→ **Task**
From the material below, return exactly the lines starting at the one that holds "Attic Cartomancy - The" and ending at the one that holds "Haiti_Street_Scenes_015.jpg". Pictures stay out of the answer.

→ **Available records**
***

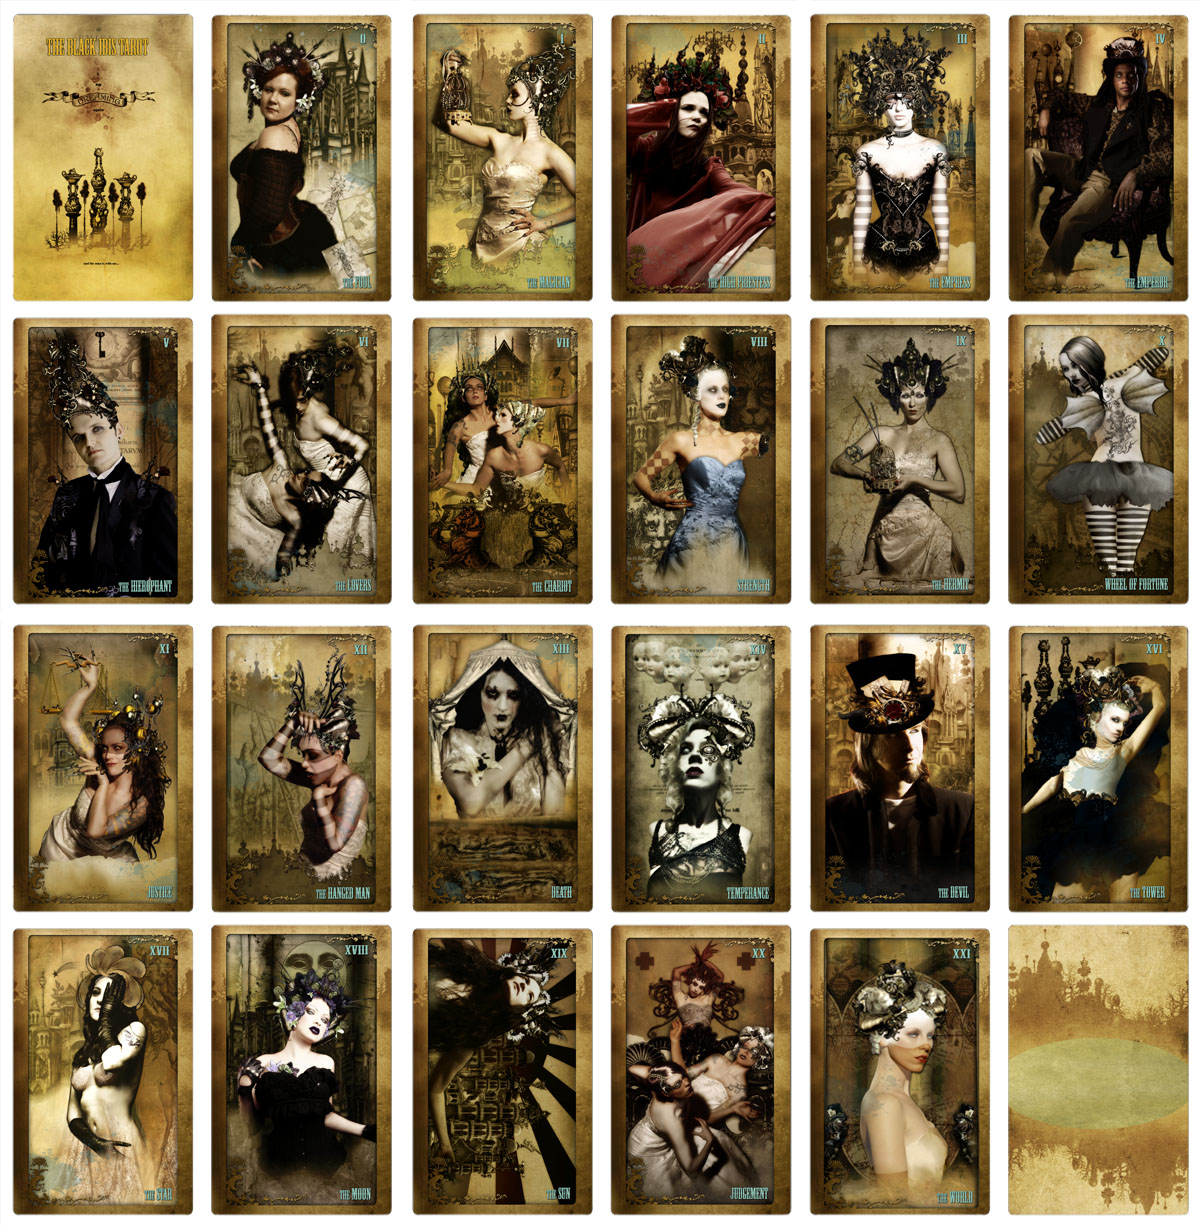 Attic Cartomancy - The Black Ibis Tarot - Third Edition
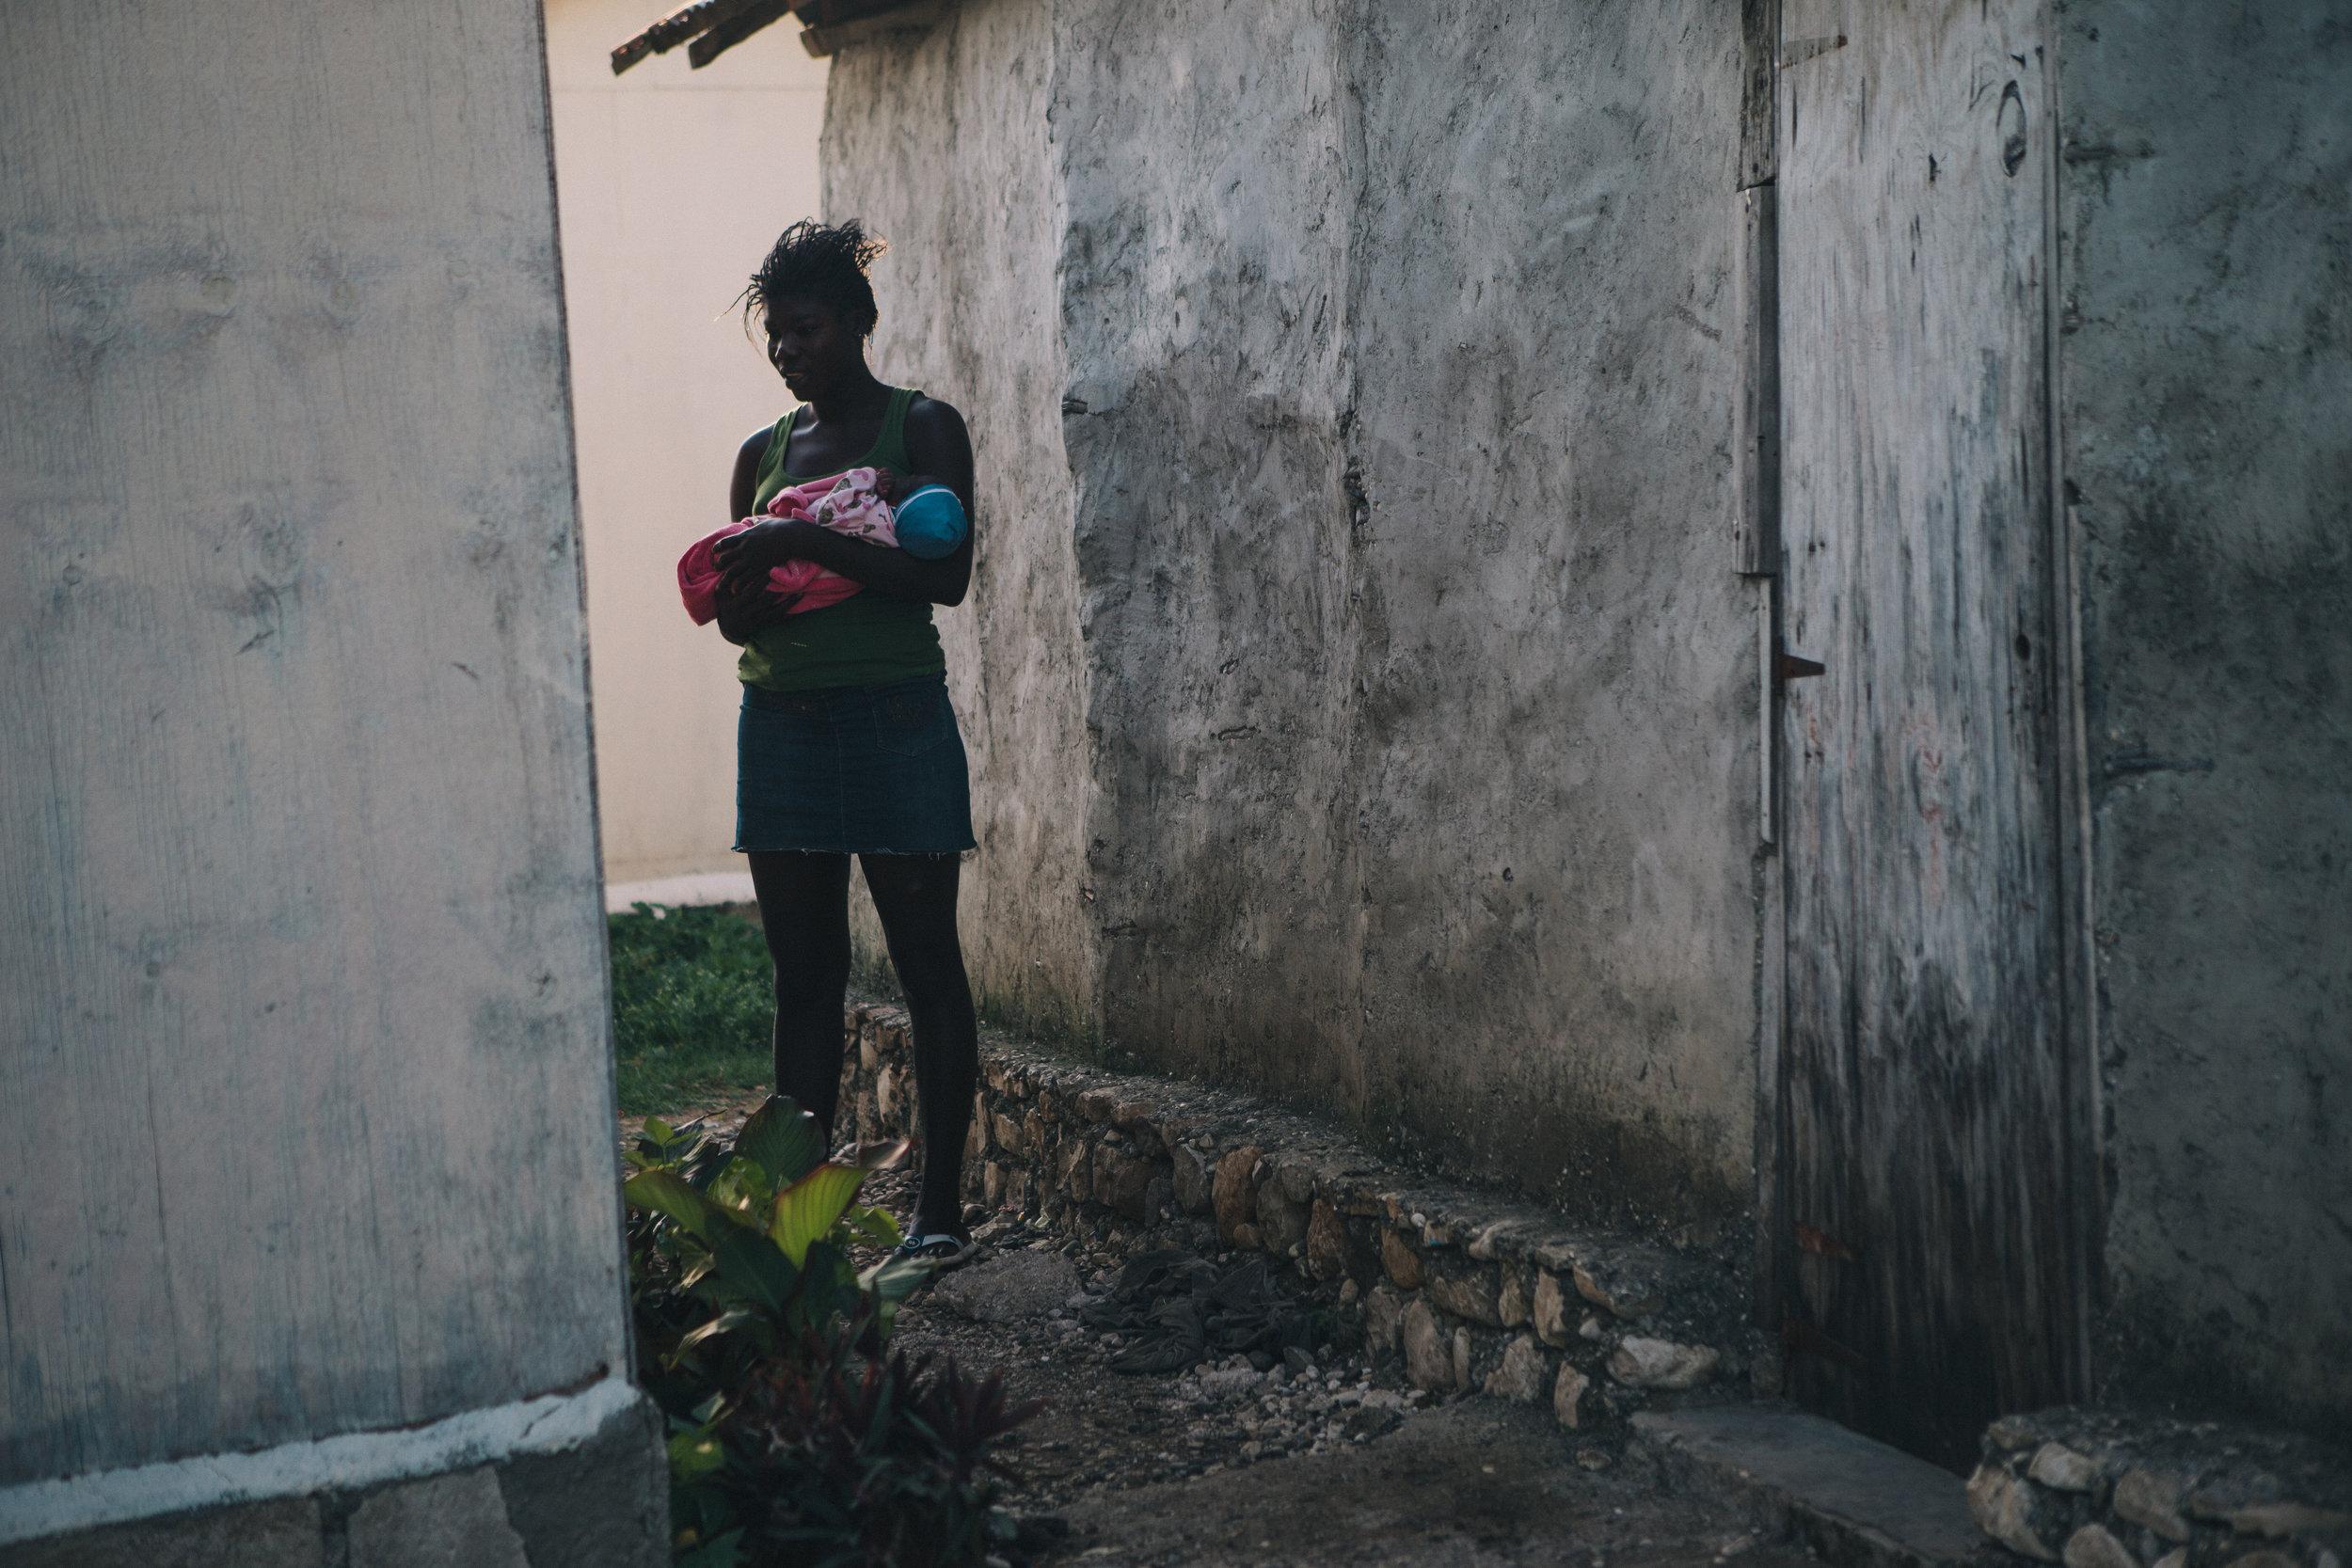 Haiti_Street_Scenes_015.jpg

***

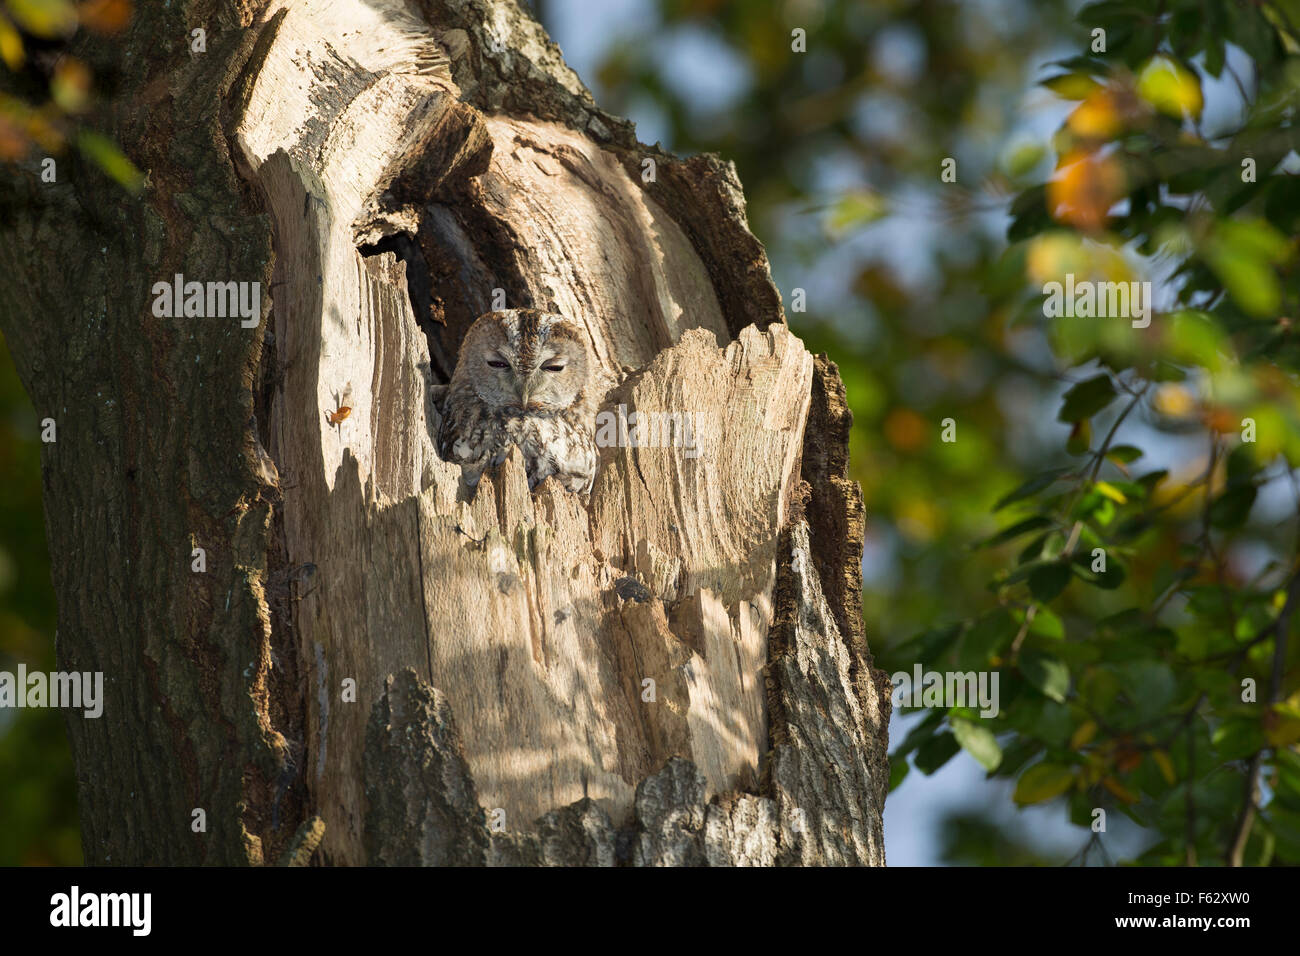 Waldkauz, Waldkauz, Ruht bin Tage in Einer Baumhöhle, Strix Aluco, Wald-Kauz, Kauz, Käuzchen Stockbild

***

→ **Answer**
 Attic Cartomancy - The Black Ibis Tarot - Third Edition
 Haiti_Street_Scenes_015.jpg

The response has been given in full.